We first apply K-means clustering to distinguish between sea ice and leads in Sentinel-2 imagery.
!pip install rasterio
import rasterio
import numpy as np
from sklearn.cluster import KMeans
import matplotlib.pyplot as plt
base_path = "/content/drive/MyDrive/GEOL0069/week4/Week_4/S2A_MSIL1C_20190301T235611_N0207_R116_T01WCU_20190302T014622.SAFE/S2A_MSIL1C_20190301T235611_N0207_R116_T01WCU_20190302T014622.SAFE/GRANULE/L1C_T01WCU_A019275_20190301T235610/IMG_DATA/" # You need to specify the path
bands_paths = {
'B4': base_path + 'T01WCU_20190301T235611_B04.jp2',
'B3': base_path + 'T01WCU_20190301T235611_B03.jp2',
'B2': base_path + 'T01WCU_20190301T235611_B02.jp2'
}
# Read and stack the band images
band_data = []
for band in ['B4', 'B3', 'B2']:
with rasterio.open(bands_paths[band]) as src:
band_data.append(src.read(1))
# Stack bands and create a mask for valid data (non-zero values in all bands)

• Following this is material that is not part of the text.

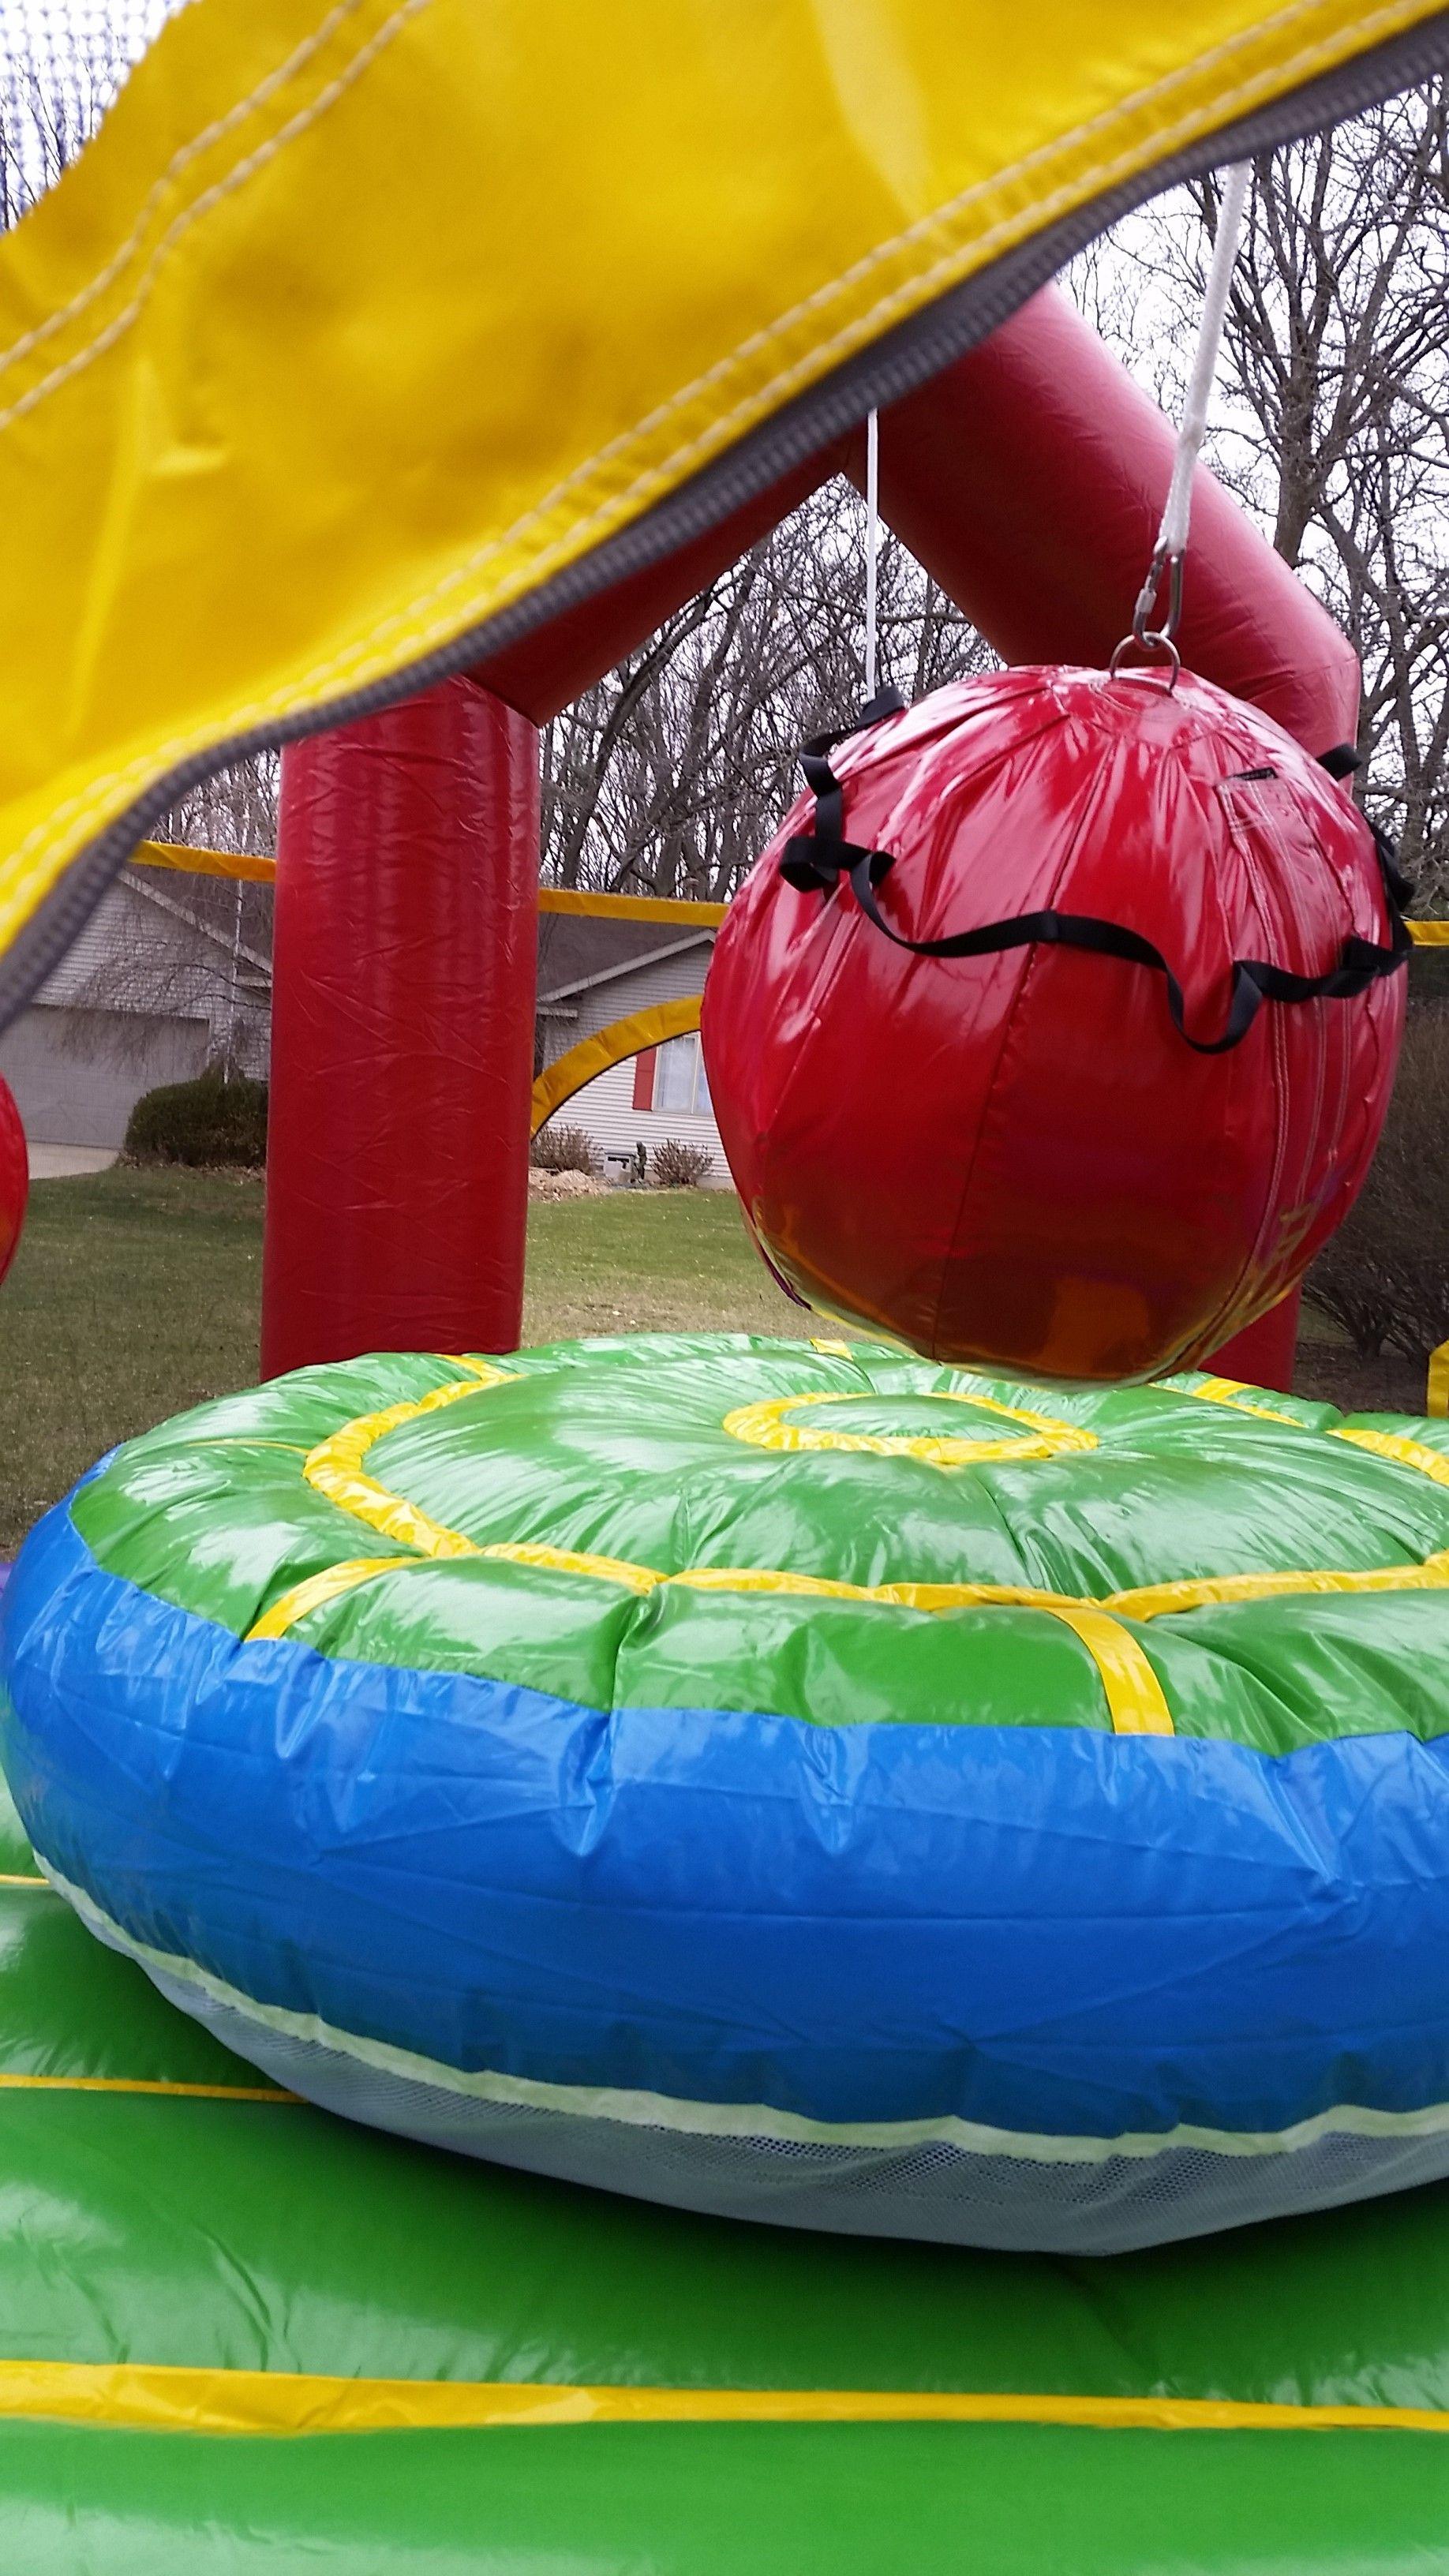 Wreaking Ball Michigan ohio, Grad parties, Michigan

band_stack = np.dstack(band_data)
valid_data_mask = np.all(band_stack > 0, axis=2)
# Reshape for K-means, only including valid data
X = band_stack[valid_data_mask].reshape((-1, 3))
# K-means clustering
kmeans = KMeans(n_clusters=2, random_state=0).fit(X)
labels = kmeans.labels_
# Create an empty array for the result, filled with a no-data value (e.g., -1)
labels_image = np.full(band_stack.shape[:2], -1, dtype=int)
# Place cluster labels in the locations corresponding to valid data
labels_image[valid_data_mask] = labels
# Plotting the result
plt.imshow(labels_image, cmap='viridis')
plt.title('K-means clustering on Sentinel-2 Bands')
plt.colorbar(label='Cluster Label')
plt.show()
Next, we apply Gaussian Mixture Models (GMM) to distinguish between sea ice and leads in Sentinel-2 imagery.
import rasterio
import numpy as np
from sklearn.mixture import GaussianMixture
import matplotlib.pyplot as plt
# Paths to the band images
# Paths to the band images
base_path = "/content/drive/MyDrive/GEOL0069/week4/Week_4/S2A_MSIL1C_20190301T235611_N0207_R116_T01WCU_20190302T014622.SAFE/S2A_MSIL1C_20190301T235611_N0207_R116_T01WCU_20190302T014622.SAFE/GRANULE/L1C_T01WCU_A019275_20190301T235610/IMG_DATA/" # You need to specify the path
bands_paths = {
'B4': base_path + 'T01WCU_20190301T235611_B04.jp2',
'B3': base_path + 'T01WCU_20190301T235611_B03.jp2',
'B2': base_path + 'T01WCU_20190301T235611_B02.jp2'
}
# Read and stack the band images
band_data = []
for band in ['B4', 'B3', 'B2']:
with rasterio.open(bands_paths[band]) as src:
band_data.append(src.read(1))
# Stack bands and create a mask for valid data (non-zero values in all bands)
band_stack = np.dstack(band_data)
valid_data_mask = np.all(band_stack > 0, axis=2)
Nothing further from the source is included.